US streaming service Netflix announced Monday, its intention to raise $1.6 billion in debt to fund its content growth plans.
The announcement had already been suggested in last week’s Q3 earnings update. Confirmation of the move came in a press release on the company website.
“Netflix intends to use the net proceeds from this offering for general corporate purposes, which may include content acquisitions, production and development, capital expenditures, investments, working capital and potential acquisitions and strategic transactions,” Netflix said.
Netflix shares ended the US trading day a little lower Friday, after hitting an all-time high earlier in the week following an upbeat Q3 earnings update. Pre-trade activity suggests shares could open in the green, Monday.
Q3 earnings update
In its Q3 earnings update, Netflix reported good growth and profits, including breaking though the 100 million subscribers mark.

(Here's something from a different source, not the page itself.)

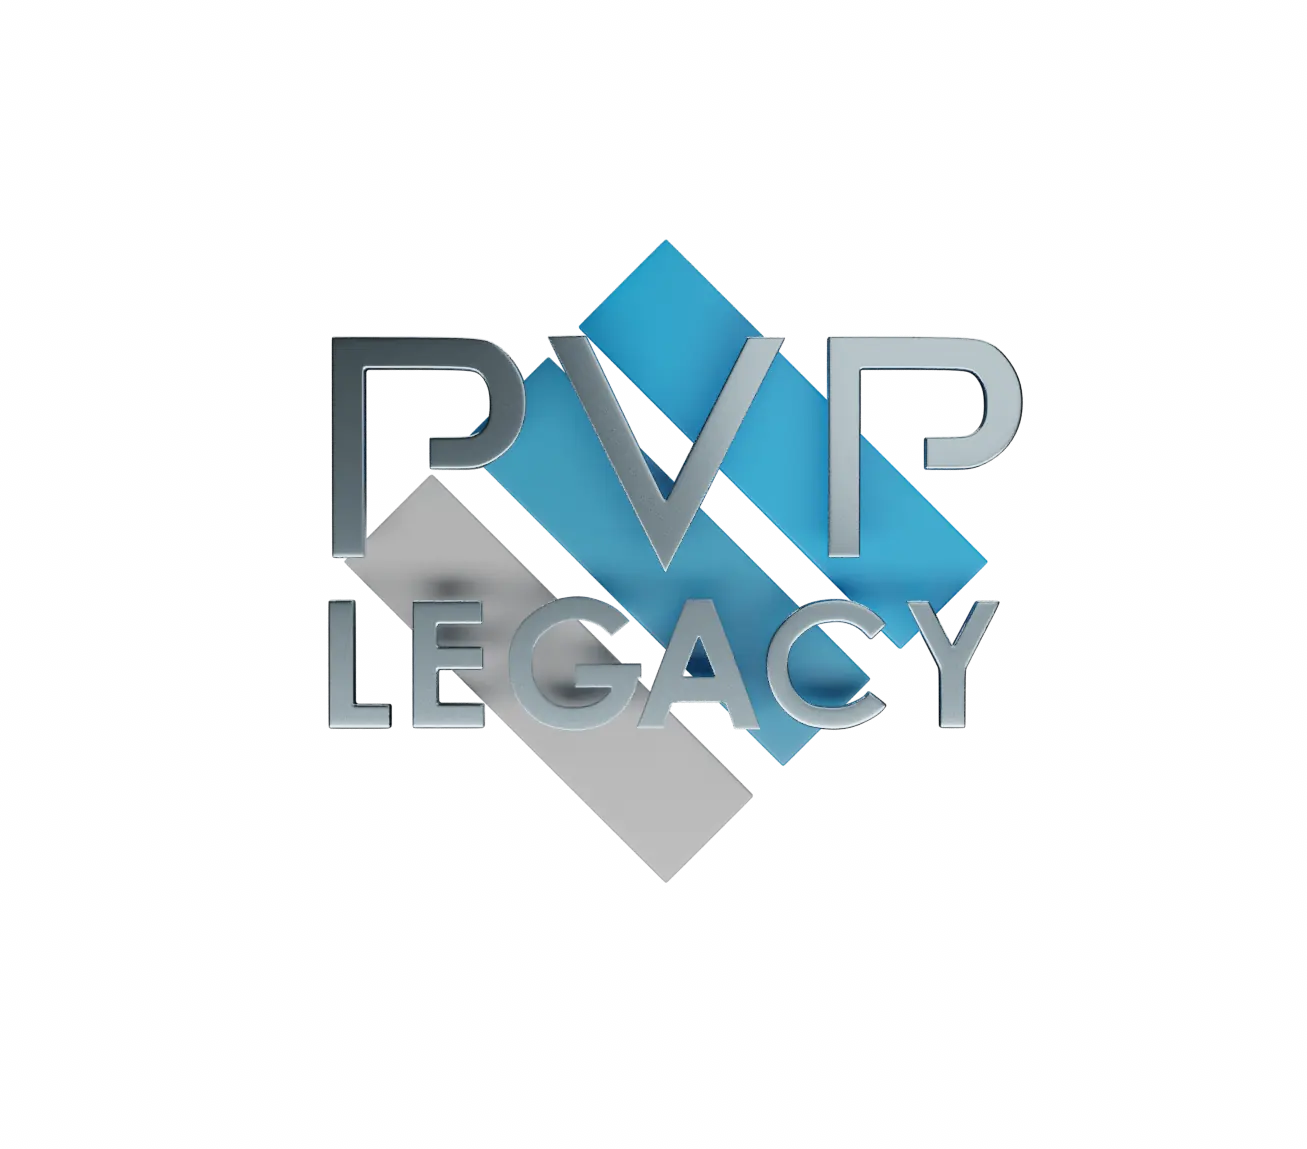 PVP Legacy

It also signalled plans to invest between $7 and $8 billion on programming.
The entertainment firm said original content was firmly in its long-term strategy.
“Our future largely lies in exclusive original content that drives both excitement around Netflix and enormous viewing satisfaction for our global membership and its wide variety of tastes,” Netflix said in its earnings announcement.
“Our investment in Netflix originals is over a quarter of our total P&L content budget in 2017 and will continue to grow.”
By creating and producing its own original series and films, Netflix is putting itself in the position to provide other entertainment services with its popular programming. And that’s a sure-fire earner – provided that original content continues to impress.
Netflix made around 50 films during 2017. It’s planning on increasing that number to 80 original Netflix films to be produced during 2018, according to Ted Sarandos, Netflix’ chief content officer.
The company’s plans to expand its original content production capabilities have already begun, with its deal to build a permanent production base in Canada.